I think the issue/solution lies in return price_array, tech_array, turbulence_array in the data_processor / run function. If you would pass the whole dataframe all necessary data would be available. Not sure what best practice is, but I would suggest always using the main dataframe with all data. That way also would make it most flexible. Meaning the agent should also accept just the df instead of individual arrays. Additionally this part of Demo_MultiCrypto_Trading.ipynb raised one more question:

Why is it necessary to pass the array data twice? Via env(config=data_config) and directly to the DRLAgent_erl?

    #process data using unified data processor
    DP = DataProcessor(data_source,  **kwargs)
    price_array, tech_array, turbulence_array = DP.run(ticker_list, start_date
                                                       , end_date, time_interval, 
                                                       technical_indicator_list, 
                                                       if_vix)
    data_config = {'price_array':price_array,
                   'tech_array':tech_array,
                   'turbulence_array':turbulence_array}
    #build environment using processed data
    env_instance = env(config=data_config)

    #read parameters and load agents
    current_working_dir = kwargs.get('current_working_dir','./'+str(model_name))

    if drl_lib == 'elegantrl':
        break_step = kwargs.get('break_step', 1e6)
        erl_params = kwargs.get('erl_params')

        agent = DRLAgent_erl(env = env,
                             price_array = price_array,
                             tech_array=tech_array,
                             turbulence_array=turbulence_array)

More flexible:

    DP = DataProcessor(data_source,  **kwargs)
    df = DP.run(ticker_list, start_date , end_date, time_interval,  technical_indicator_list,   if_vix)

    agent = DRLAgent_erl(env = env,  df = df)

Then inside the Agent (or environment) get the necessary columns from the df (and convert them to an array where necessary).

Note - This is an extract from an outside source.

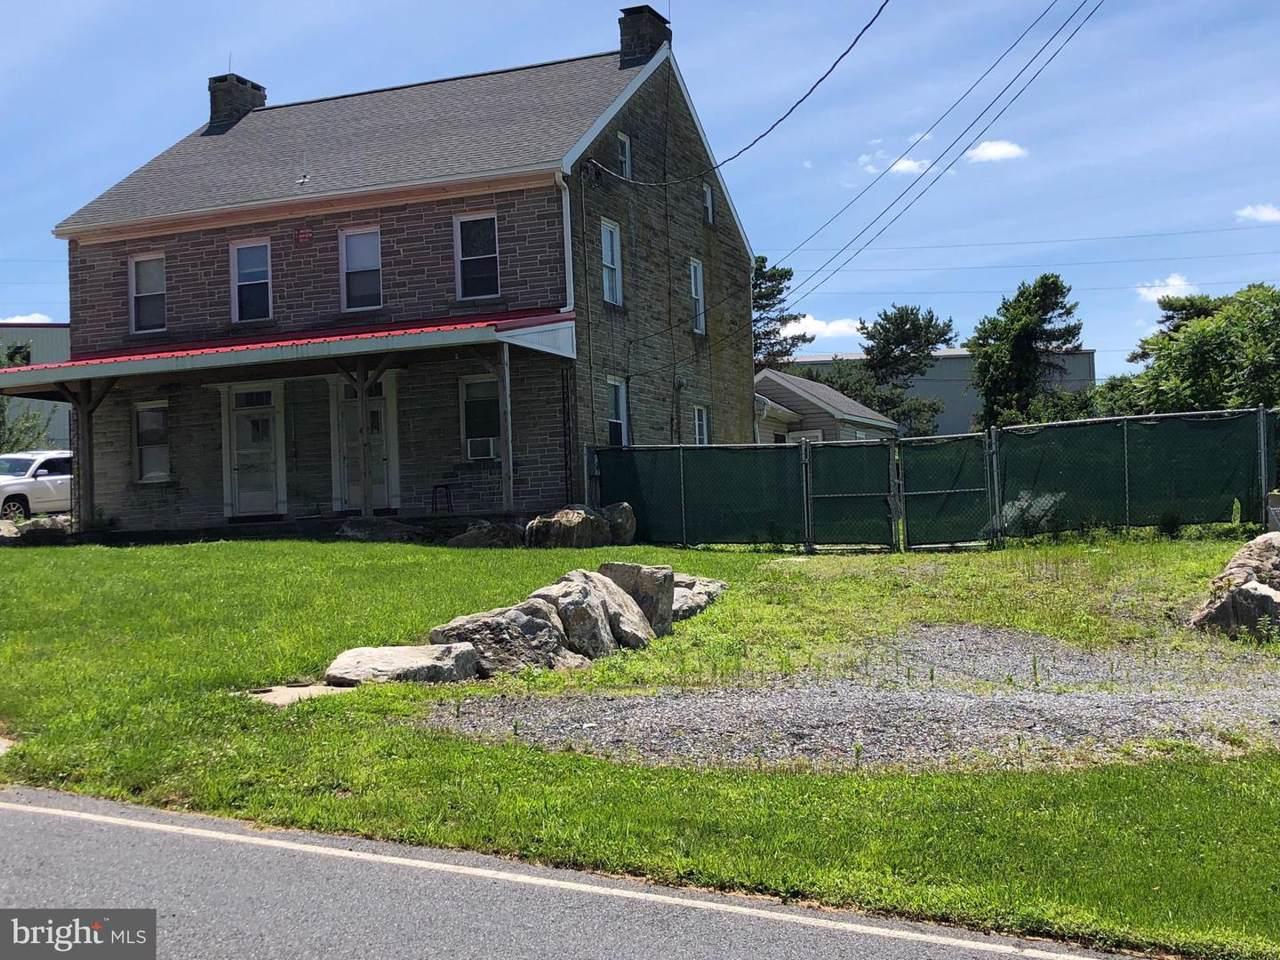 74 Willow Creek Road - Photo 1

For that to work the columns would have to be named accordingly / always the same of course like:

open, high, low, close
indicator_rsi, indicator_macd, ....
feature_weather, feature_customvolatility

With those naming conventions, you know what to get from the df inside the agent. For example with https://pandas.pydata.org/docs/reference/api/pandas.DataFrame.filter.html you can get all columns containing "feature_" and so on.

That also makes it easy to add more / custom data features just by doing df['feature_mynewfeature']=great_feature before passing the df.

I think this is related to #46

cryptocoinserver commented 2 years ago

After looking at other examples and (gym)environments I think best practice would be doing it inside the env: https://github.com/AminHP/gym-anytrading/blob/master/gym_anytrading/envs/forex_env.py#L19 Init the env with the df and then processing the data there. The agent should just get the env as input. Then getting the data via env._process_data or env._get_price_array etc.

So my suggested changes would be:

Dataprocessor only works with a dataframe and returns it
Environment gets initialized with said dataframe
Agent access data via the environment using (like env._process_data or env._get_price_array)

This would mean change in nearly the whole project is necessary though. This would make this suggestion easily possible, as the env has the dataframe with the timestamps and its more or less adding this to the env:

 def _get_buy_and_hold(self):
        return pd.Series(self.df['returns'], index=self.df['date'])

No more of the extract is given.